= Cooper Rollow =

American sportswriter (1925–2013)

Cooper Rollow (1925 in Wichita, Kansas – March 29, 2013 in Elmhurst, Illinois) was an American sportswriter for 35 years as a writer and sports editor (1965–1977) for the Chicago Tribune, mostly on pro football. He was awarded the Dick McCann Memorial Award from the Pro Football Hall of Fame in 1985.

Rollow was a four-time winner of the Illinois Associated Press (AP) sports contest. Rollow won the AP competition in 1960 for a three-part series on the late Vince Lombardi, in 1964 for his coverage of the deaths of Willie Galimore and John Farrington of the Chicago Bears in a training camp auto accident, in 1973 for his portrayal of the dramatic and tragic events in the Munich Olympic Games and 1974 for his coverage of the Ali-Frazier fight in Madison Square Garden.

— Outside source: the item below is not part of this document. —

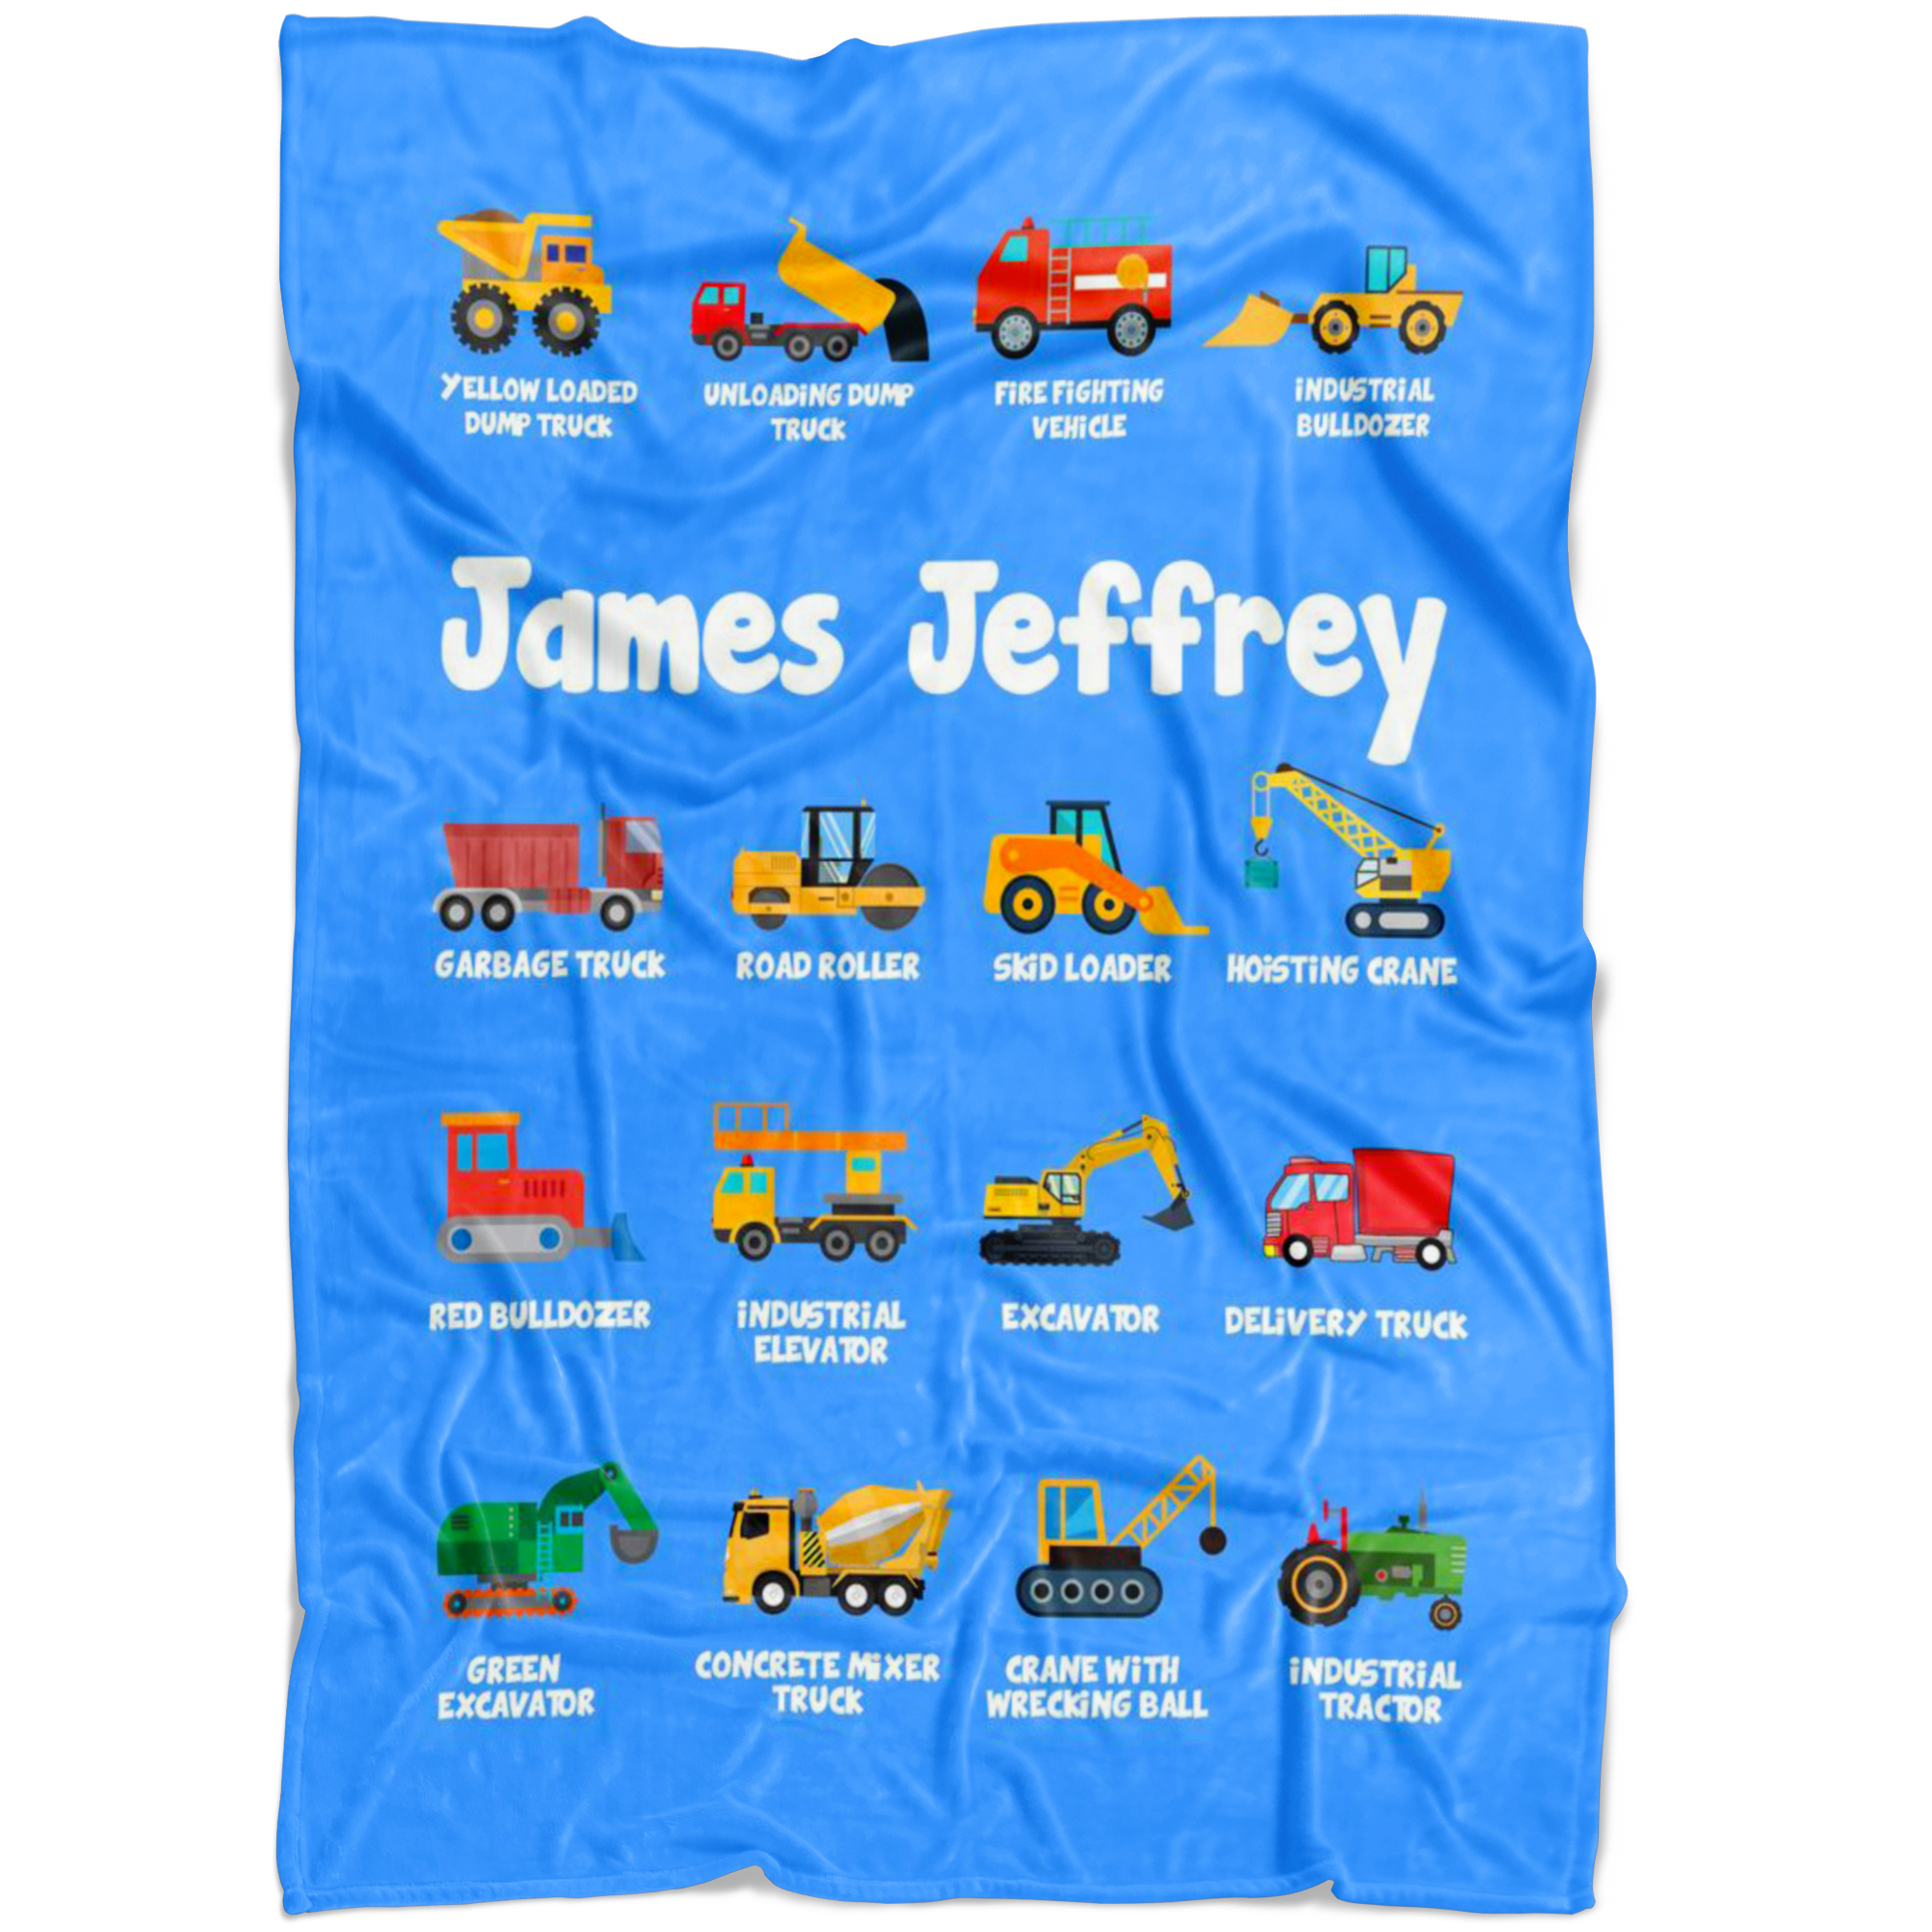 James Jeffrey Construction Blanket Blue

In 1969, Rollow won the United Press International award for his coverage of the Green Bay Packers' climactic victory over the Chicago Bears.

He served as President of the Pro Football Writers of America (PFWA) (1983–84). He also served as the former President of the Chicago Professional Football Writers Association, a director of the National College Football Writers Association and an elector in the Pro Football Hall of Fame.

A Kansas native and 1949 graduate of the University of Kansas, Rollow held newspaper positions in Fort Scott, Kansas and Lincoln, Nebraska before he was hired by the late Arch Ward, the previous sports editor of The Chicago Tribune.

Rollow also saw combat duty in Gen. Patton's Third Army in World War II.

Rollow was described by author Jeff Davis as "the leading journalist of his time concerning the relationship of [former Chicago Bears head coach and owner George] Halas and [Green Bay Packers head coach] Vince Lombardi."

Rollow was also a posthumous winner of the 2020/2021 Ring Lardner Award for Excellence in Sports Journalism.